Lenders underwrite coworking master leases at a significant discount to their face value because the tenant covenant represented by a coworking operator does not equal the covenant of a single creditworthy end-user occupying the same space. Lenders typically apply a 50-80% haircut to coworking lease income when sizing debt, effectively treating a portion of the operator's space as vacant for DSCR and debt yield calculations.
A building with 60,000 SF leased to a coworking operator may be underwritten as if 15,000-30,000 SF is vacant, depending on the operator's credit profile and the local sublease market. The practical effect is that office buildings with coworking anchor tenants face tighter loan proceeds, higher debt costs, and lender requirements for cash reserves to cover potential operator defaults.

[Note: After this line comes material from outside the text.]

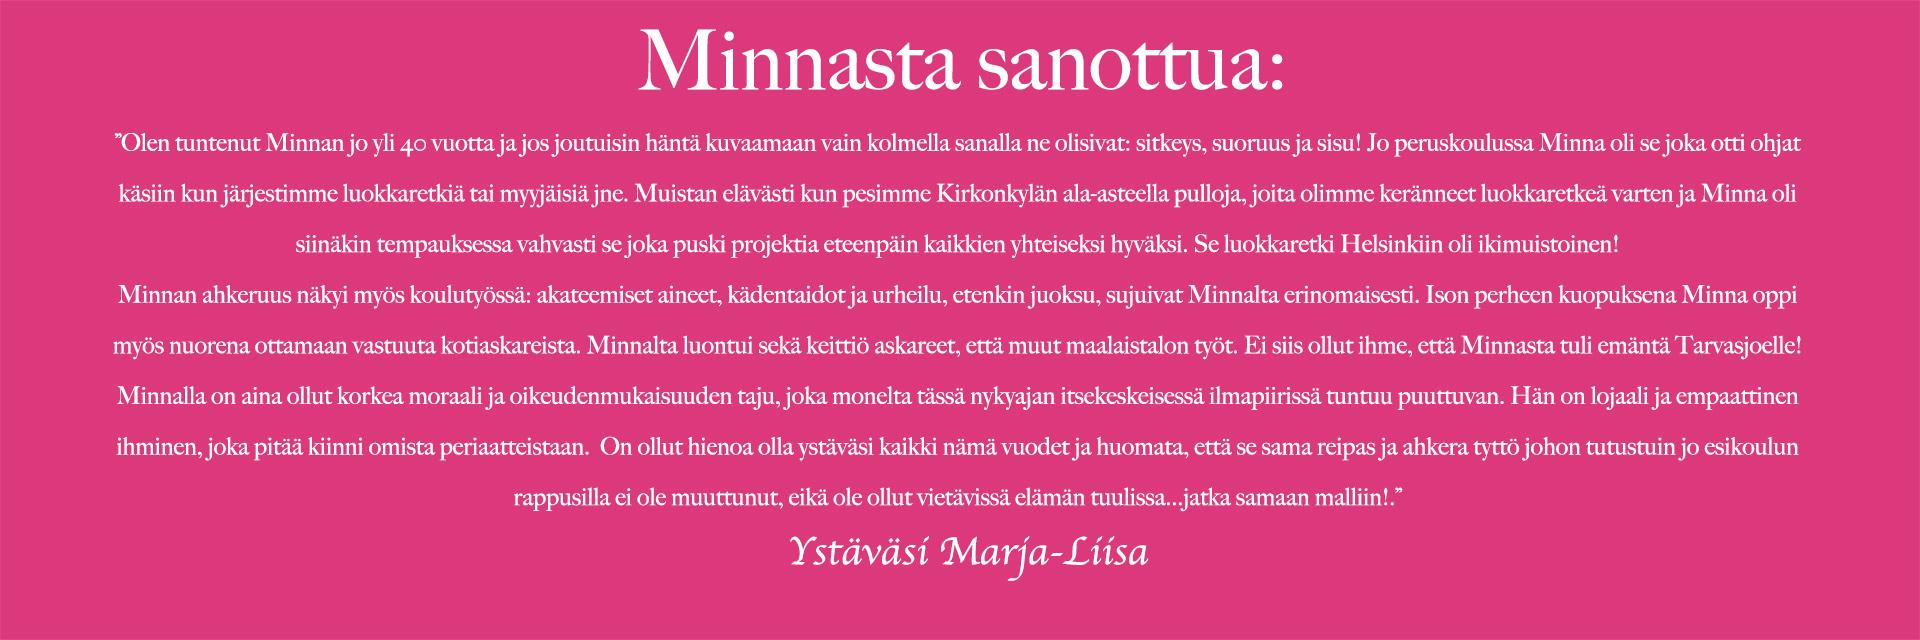 Marja-Liisa kertoo ystävästään Minnasta

Institutional landlords have responded to coworking underwriting constraints by restructuring their operator relationships away from master leases toward models that eliminate the long-term fixed-rent exposure. Management agreements place the landlord and operator in an income-sharing arrangement; the landlord retains the revenue stream and pays the operator a management fee, keeping the risk of occupancy shortfall on the asset owner's balance sheet.
Profit-sharing leases tie rent to a percentage of sublease revenue, converting the fixed obligation to a variable one. Some landlords, particularly institutional owners with asset management platforms, have moved to direct flexible office operations, eliminating the operator layer entirely and capturing the sublease spread themselves, accepting operational complexity in exchange for economic control.
The ASC 842 and IFRS 16 lease accounting standards, both effective for most entities since 2019, have significantly complicated the financial profile of coworking operators. Under both standards, operators must recognize a right-of-use (ROU) asset and corresponding lease liability for each master lease on their balance sheets, converting off-balance-sheet rent obligations into large on-balance-sheet liabilities.
From the landlord's perspective, sublease income (the revenue stream from members) is reported separately from the master lease obligation and receives different GAAP income recognition treatment: variable or short-term sublease receipts are not capitalized at inception, meaning landlords and investors underwriting coworking assets cannot rely on GAAP financials alone to assess sublease revenue stability.